How do you finance a newsroom that can handle this range of expectations? By doing tie-ups for the high end, which kills two birds with one stone. The brand reporting gets you the advertising; the Bollywood reporting at movie release time gets you free footage, viewership and advertising. As for the low end of the aspiration spectrum, increasingly news organisations handling the conscience-keeper duties with occasional forays into the hinterland at anniversary time and disaster time. They save their budgets for special occasions, and restrict their reporters to daily city coverage. Increasingly, they use data to report on inequality.

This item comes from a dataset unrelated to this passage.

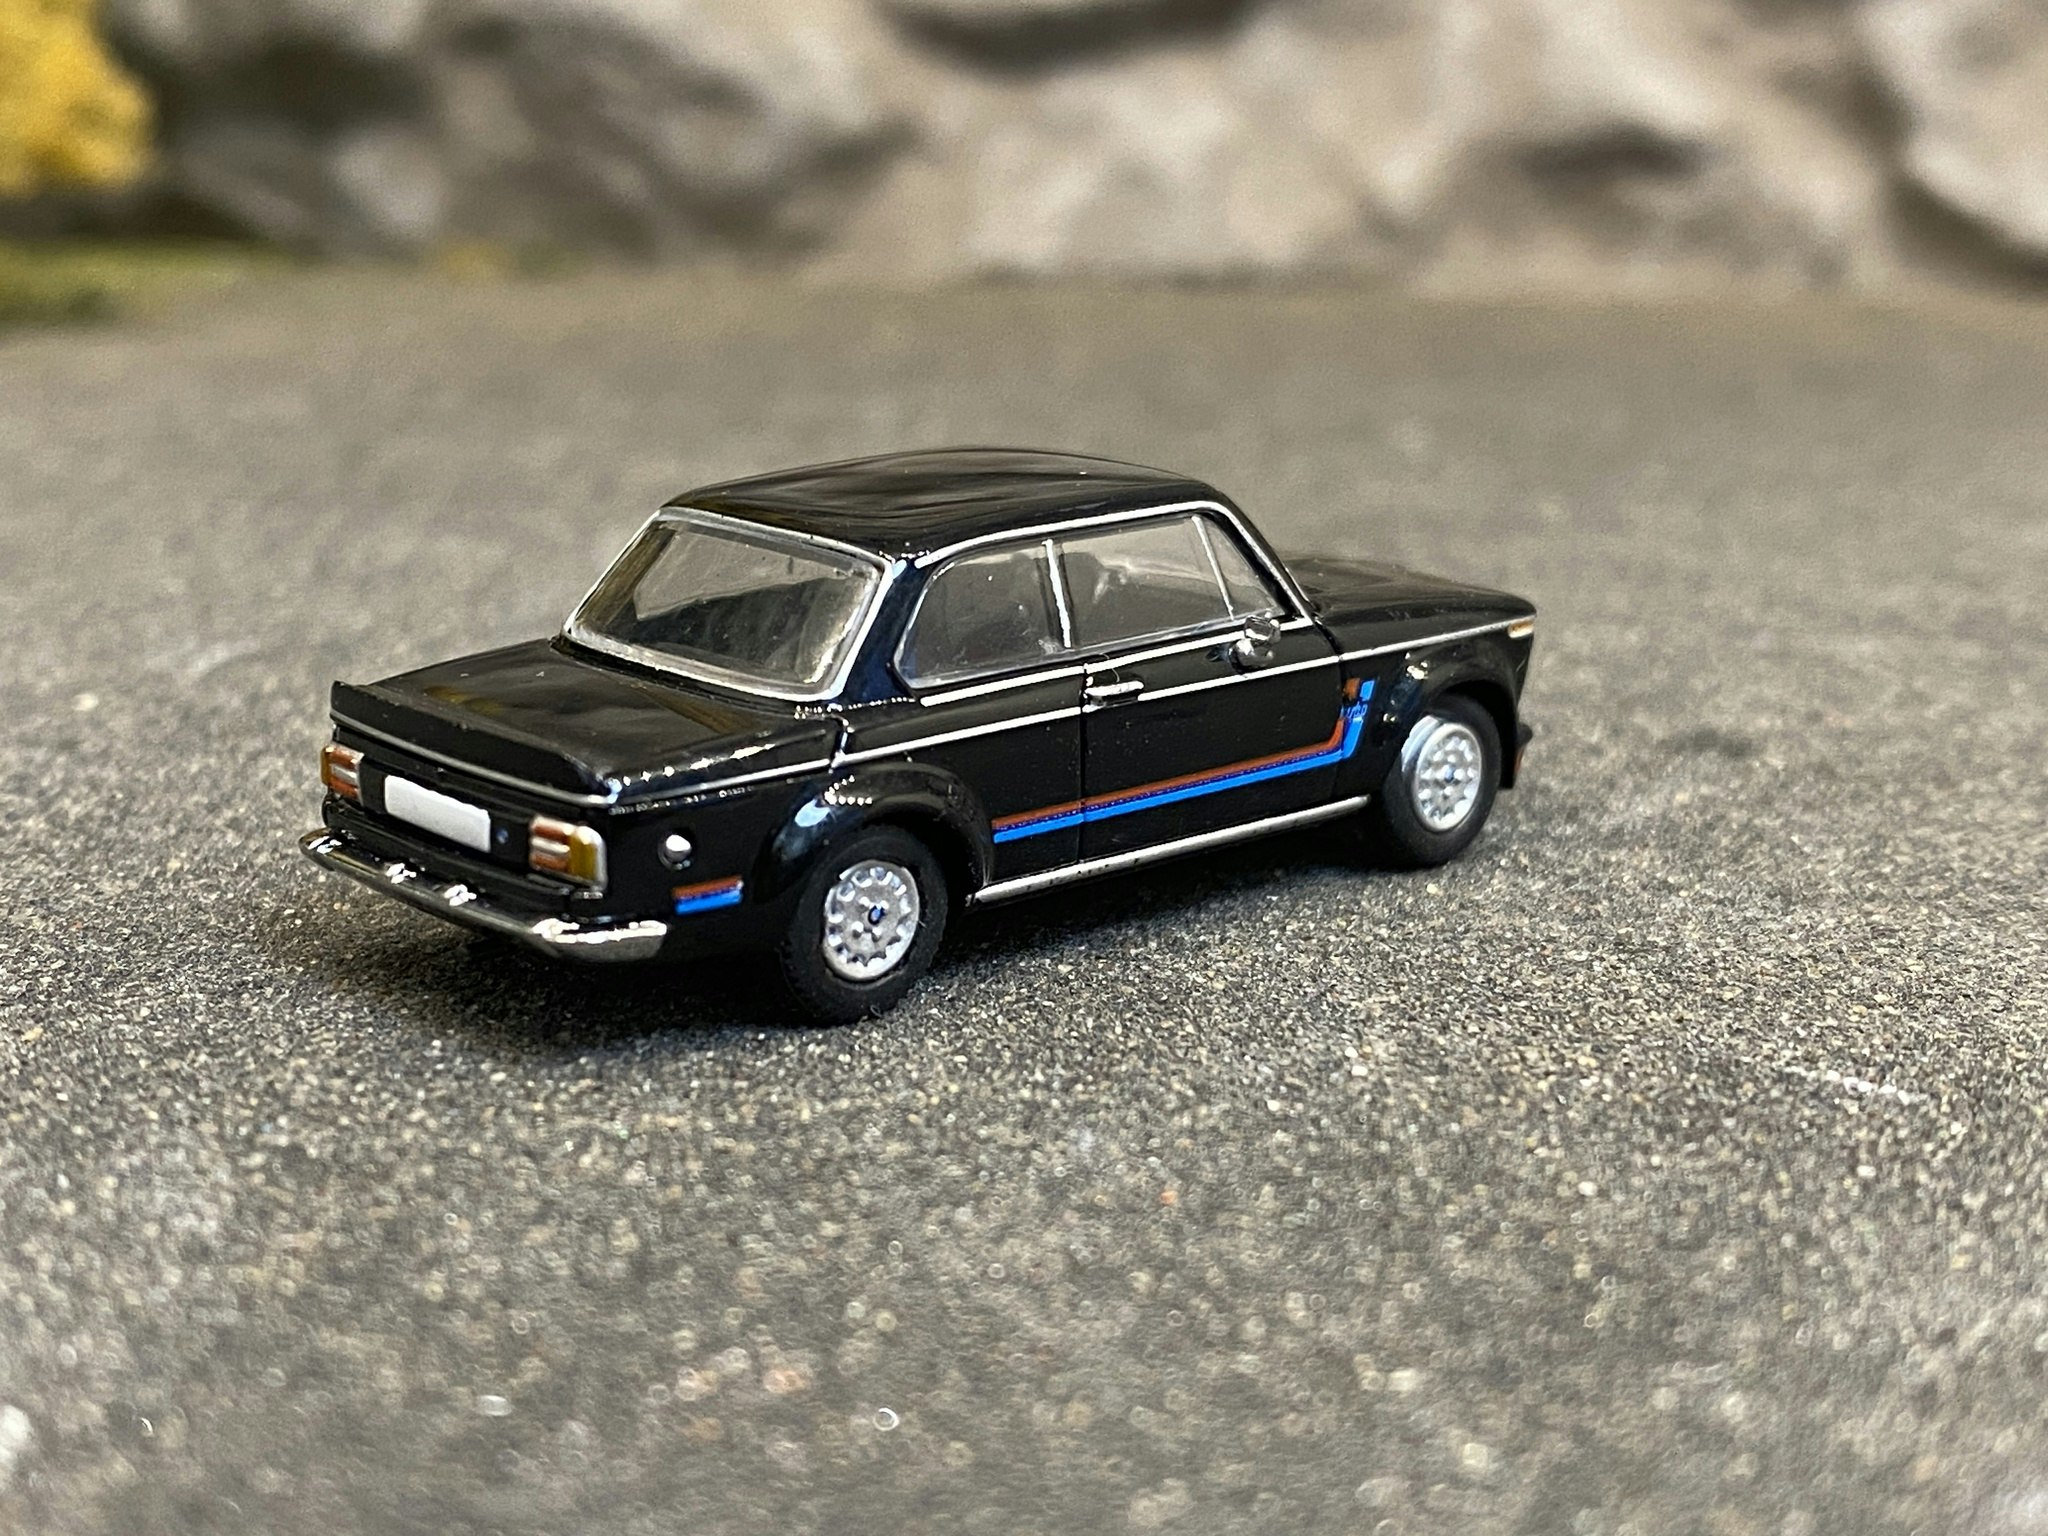 Skala 1/87 - BMW 2002 Turbo, black/Decorated, 1973 fr PCX87

So why are there no agriculture or labour correspondents even for newspapers in Hindi, Telugu, Bengali or Malayalam, which have new district editions being launched all the time? Because farmers and the working class are yet to join the upwardly mobile readership whom the advertiser targets. But thanks to the double act that the media in India feels constrained to perform in a country of extremes, at least they remain an occasional constituency.